Work instructions
Apart from the pictures, print the data below exactly as given.

Stored data
+---+
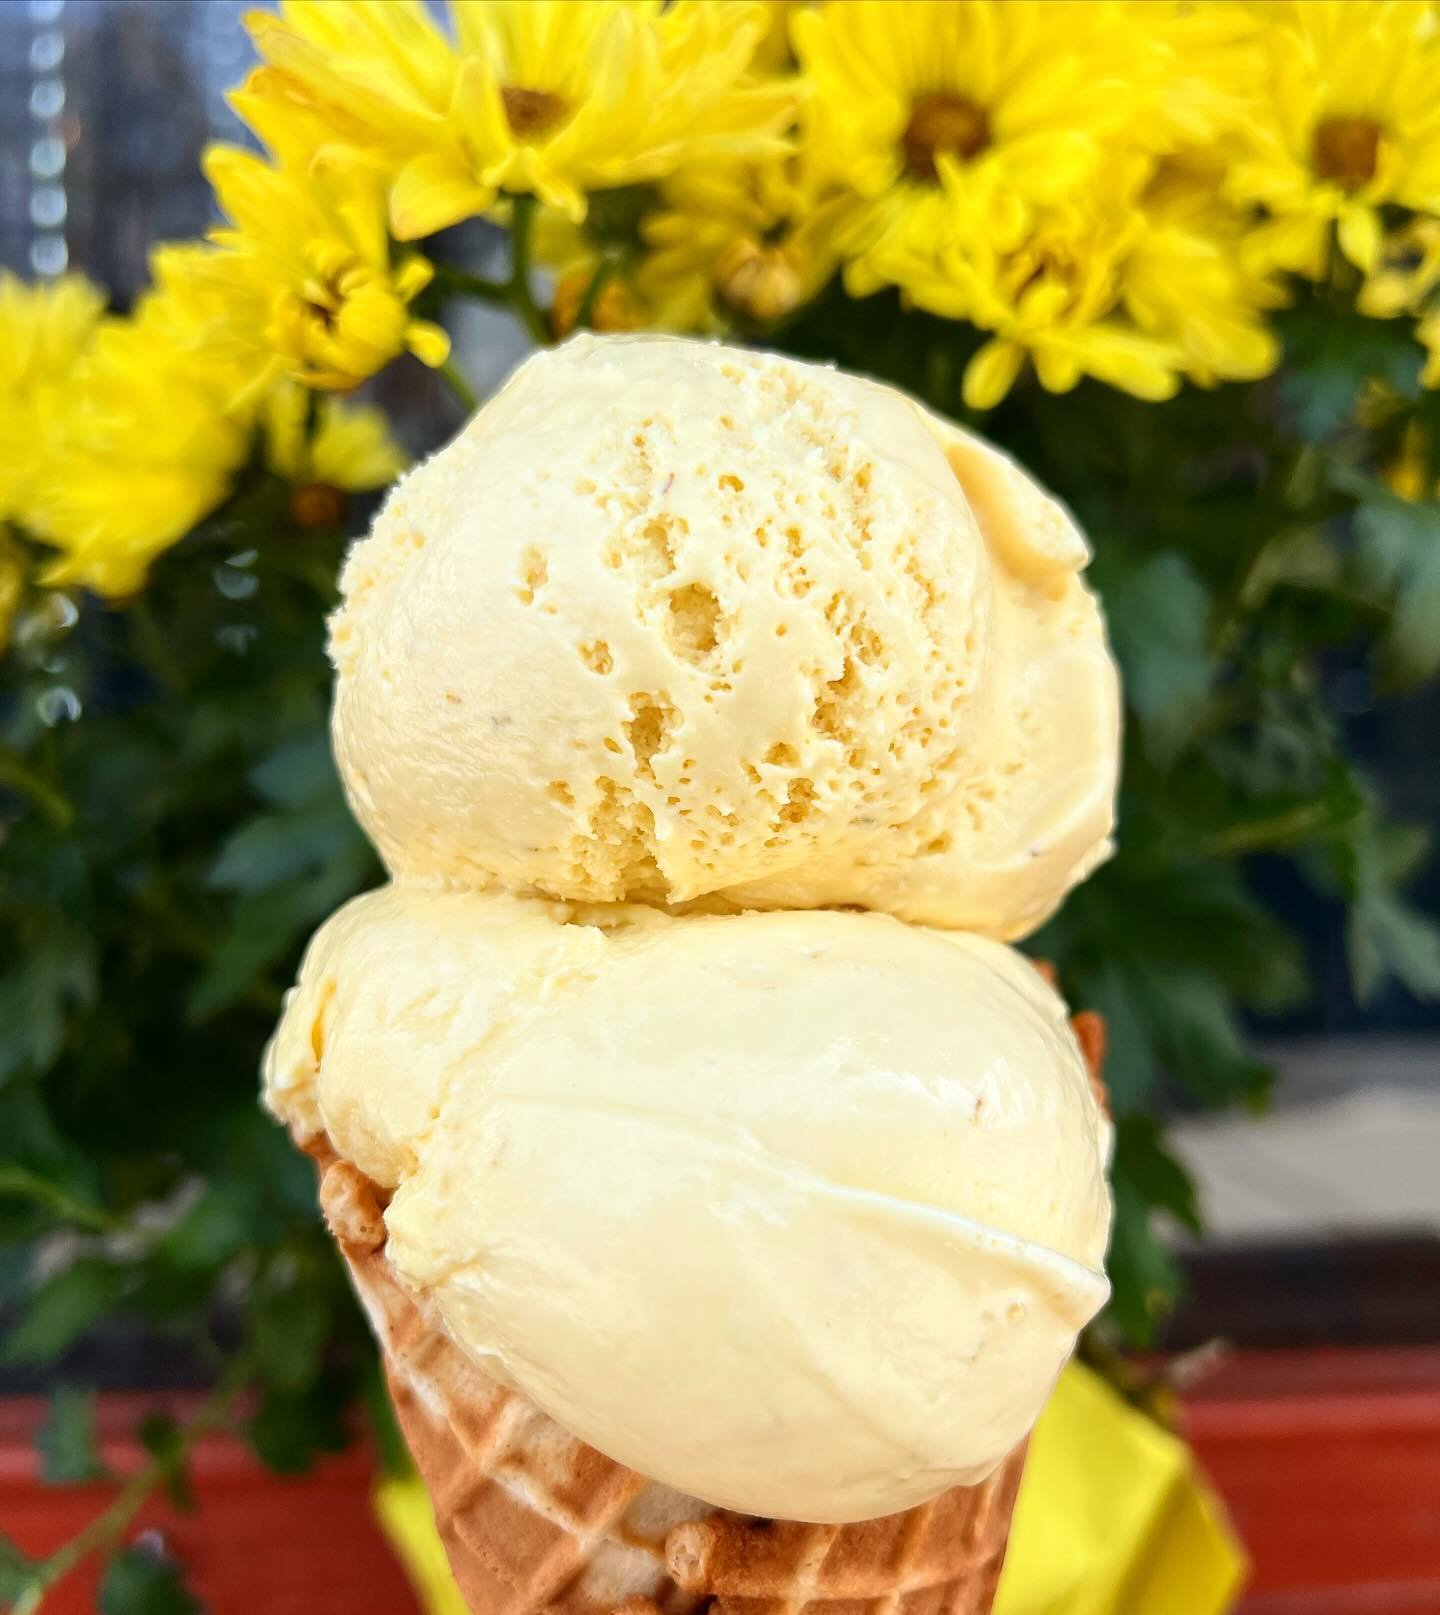 Another flavor that we are in loooove with&hellip;

🌼CHAMOMILE HONEY🍯

This is truly a scoop of sunshine. For everyone out there who loves a honey sweetened cup of chamomile tea, you are going to need to try this&hellip;💗
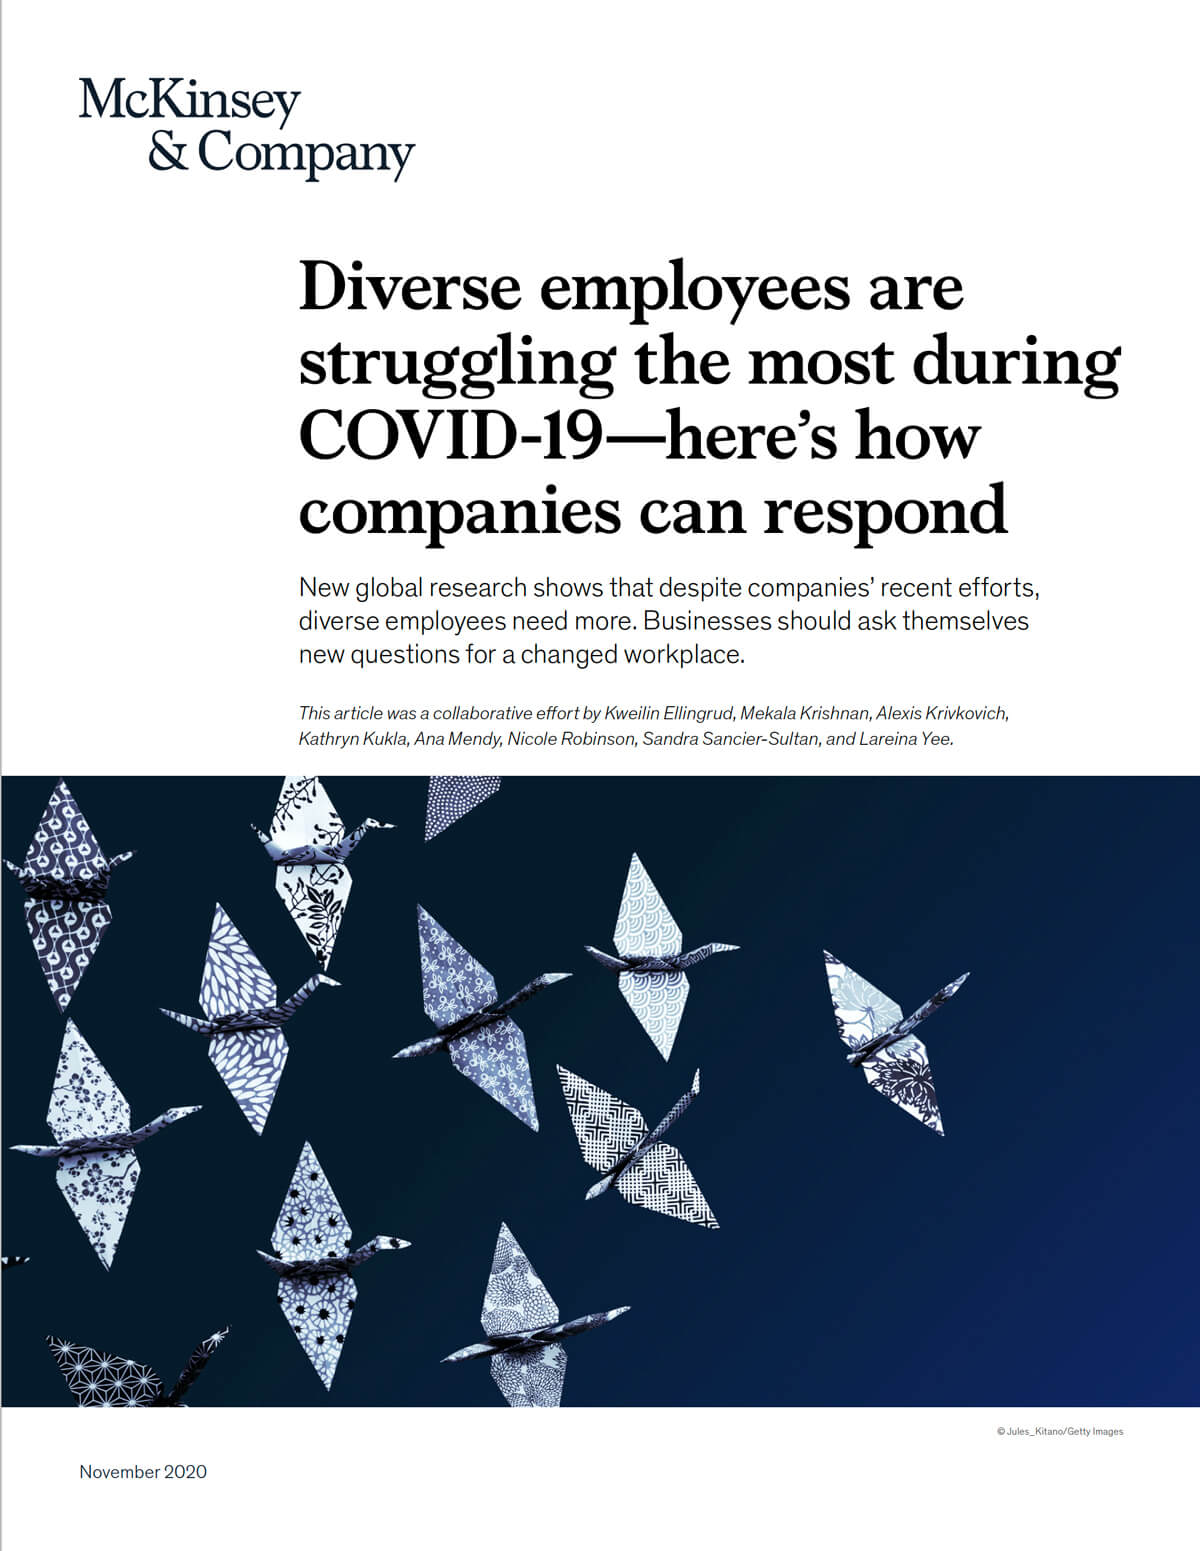 Diverse Employees are struggling the most during Covid
+---+
Expected answer
 Another flavor that we are in loooove with&hellip;

🌼CHAMOMILE HONEY🍯

This is truly a scoop of sunshine. For everyone out there who loves a honey sweetened cup of chamomile tea, you are going to need to try this&hellip;💗
 Diverse Employees are struggling the most during Covid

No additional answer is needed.